With this standard, we get an interoperable way to do context propagation. But how can we have applications and services instrument and collect tracing data in an open and industry standard way?
OpenTelemetry: An Open And Vendor-Neutral Way For Telemetry Data
Let’s say you have several applications and services in your system. To be able to better understand your system, you want to start instrumenting them and do it in an open and vendor agnostic way. This is where you can benefit from OpenTelemetry.
What is OpenTelemetry?
OpenTelemetry is a set of APIs, SDKs, tooling, and integrations for signals such as traces, logs, metrics, and baggage. Each signal is a way for a system to describe something: e.g., for traces, a participant can describe what it is doing for an operation, and it can do it using the OpenTelemetry API. Signals operate independently from each other. OpenTelemetry support is available in multiple languages.

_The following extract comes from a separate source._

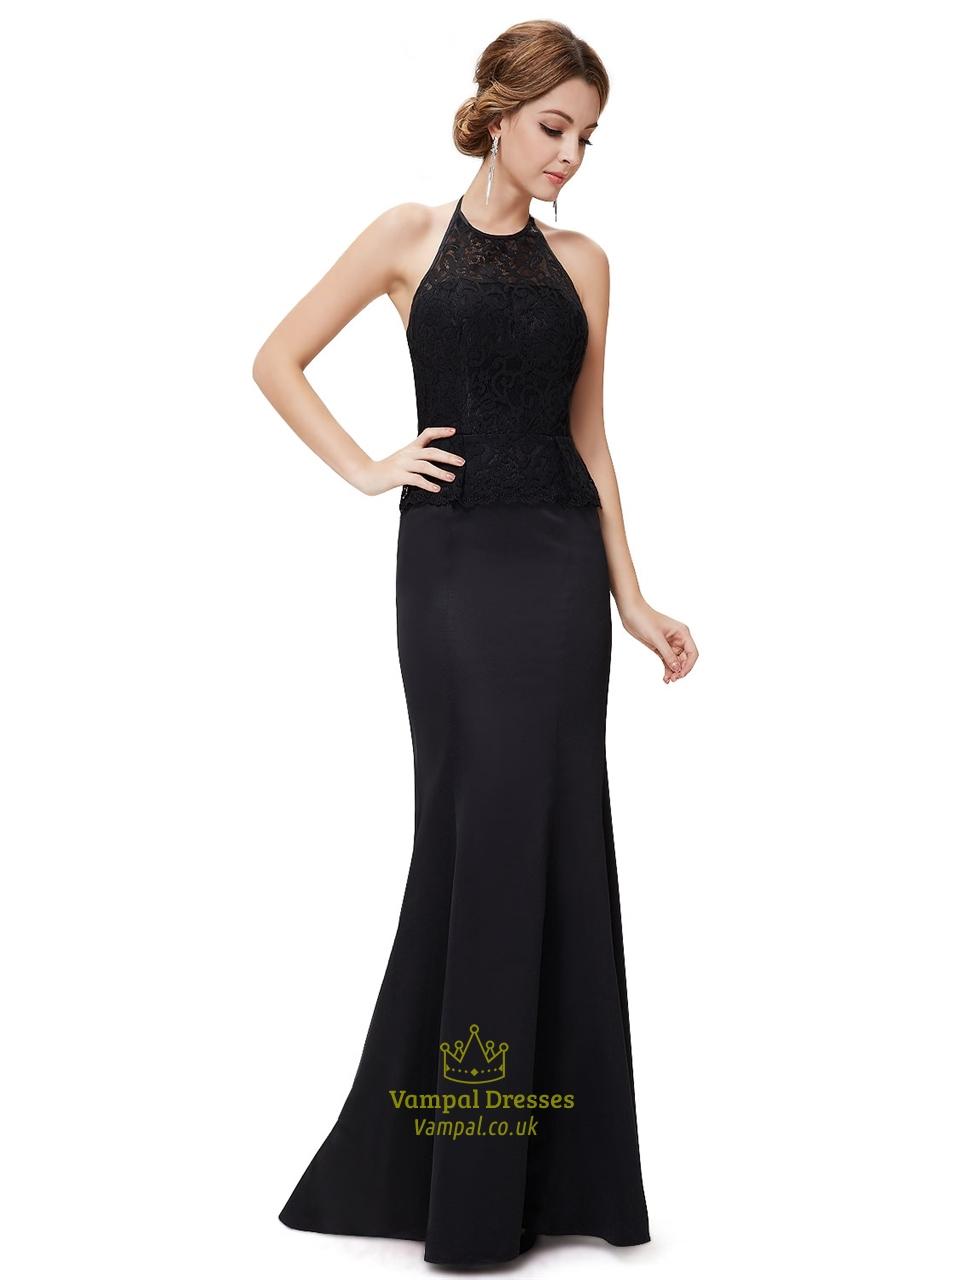 Intriguing Black Mermaid Dress Open Neck Mermaid Prom Dresses Black Mermaid Dress Open Neck Mermaid Prom Dresses Mermaid Prom Dresses Dillards Mermaid Prom Dresses wedding dress Mermaid Prom Dress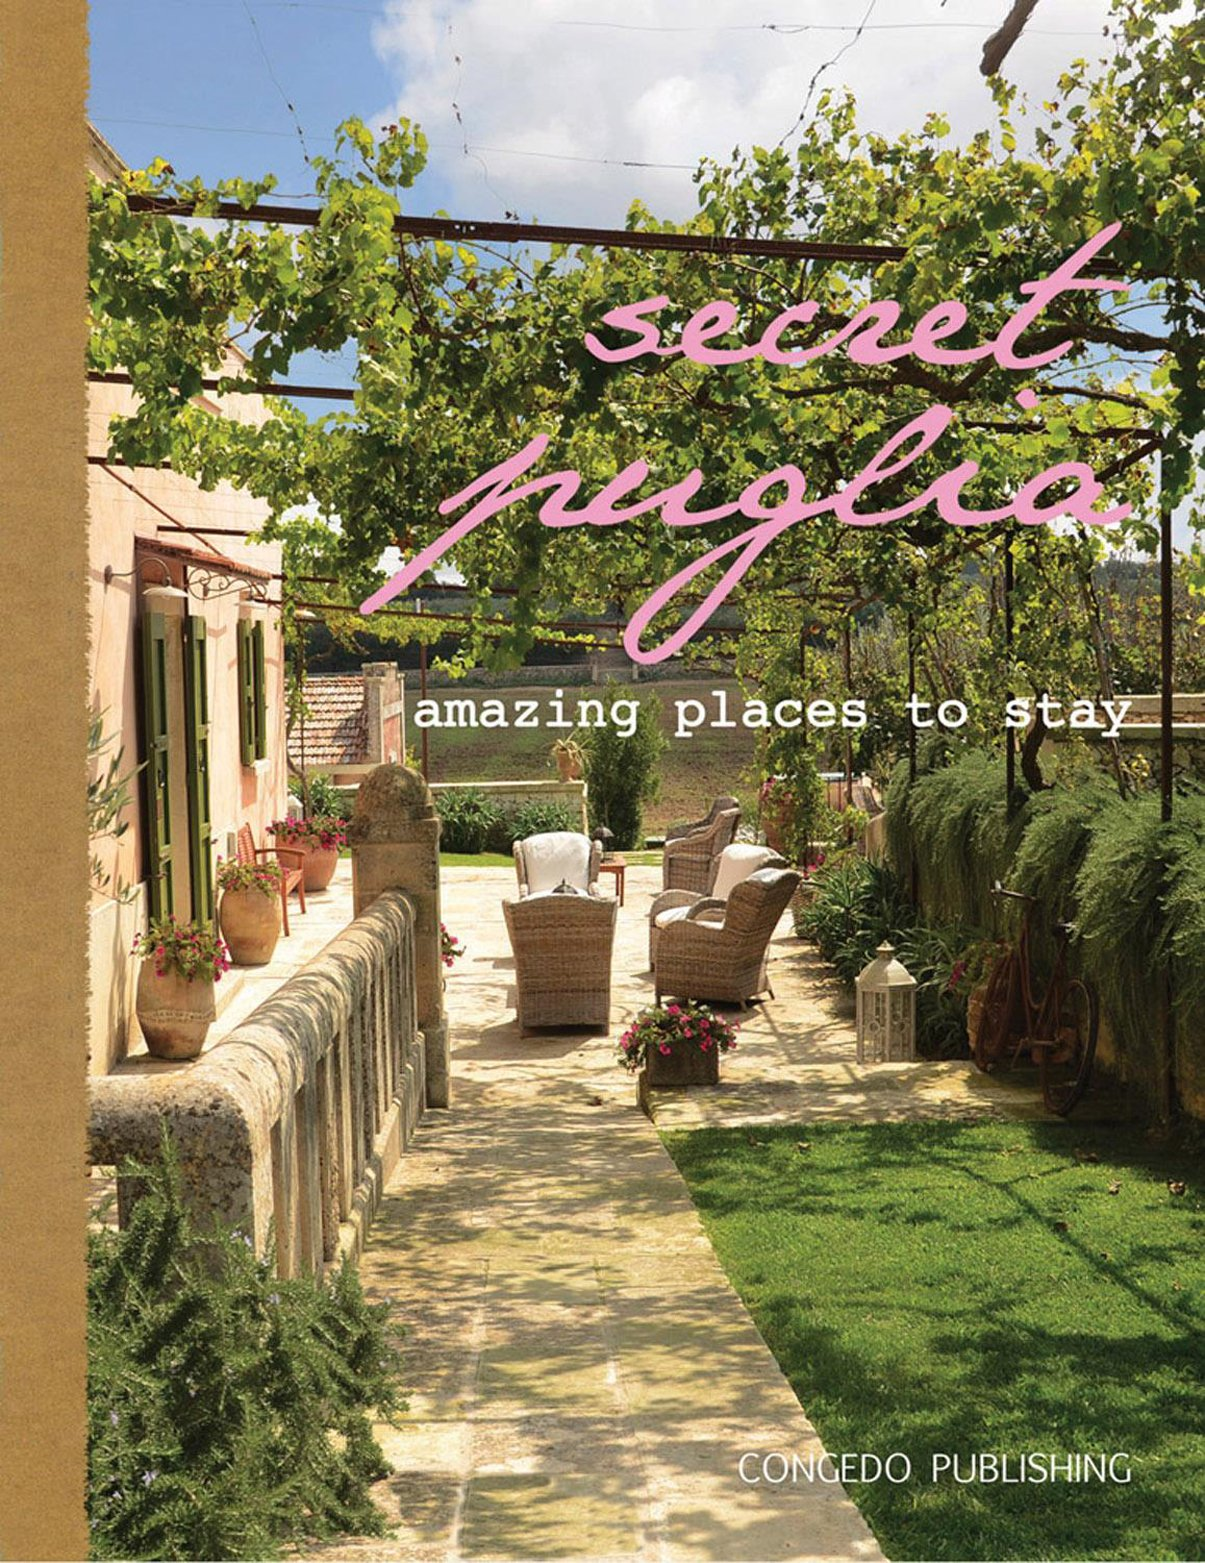 Secret Puglia amazing places to stay. Ediz. italiana e inglese ...

Its architecture carefully separates the cross-cutting concerns (e.g., API or semantic conventions) from the portions that can be managed independently (e.g., SDKs, which are implementations of the APIs). It is extensible in each layer: e.g., you can choose an exporter to send data to a backend system of your choice.
Tracing in OpenTelemetry
A trace is defined implicitly by its spans. The edges between spans capture the parent-child relationships. A Span represents a distinct unit of work by a participant in the overall trace. Each span has the following state: name, start and end timestamps, attributes (set of key-value pairs), zero or more events, parent span’s identifier, links to causally related spans, and the context information that needs to be propagated to child spans.
An easy way to get started with OpenTelemetry is to make use of its instrumentation libraries. These are libraries that enable OpenTelemetry support for another library (e.g., a HTTP client). You will find instrumentation libraries for common scenarios: collecting telemetry about outgoing HTTP requests, GRPC calls, etc.
Wrapping up
Observability is a key challenge in complex distributed systems comprised of thousands of microservices. With Distributed Tracing, we gain the ability to answer questions about such a system and can better understand it.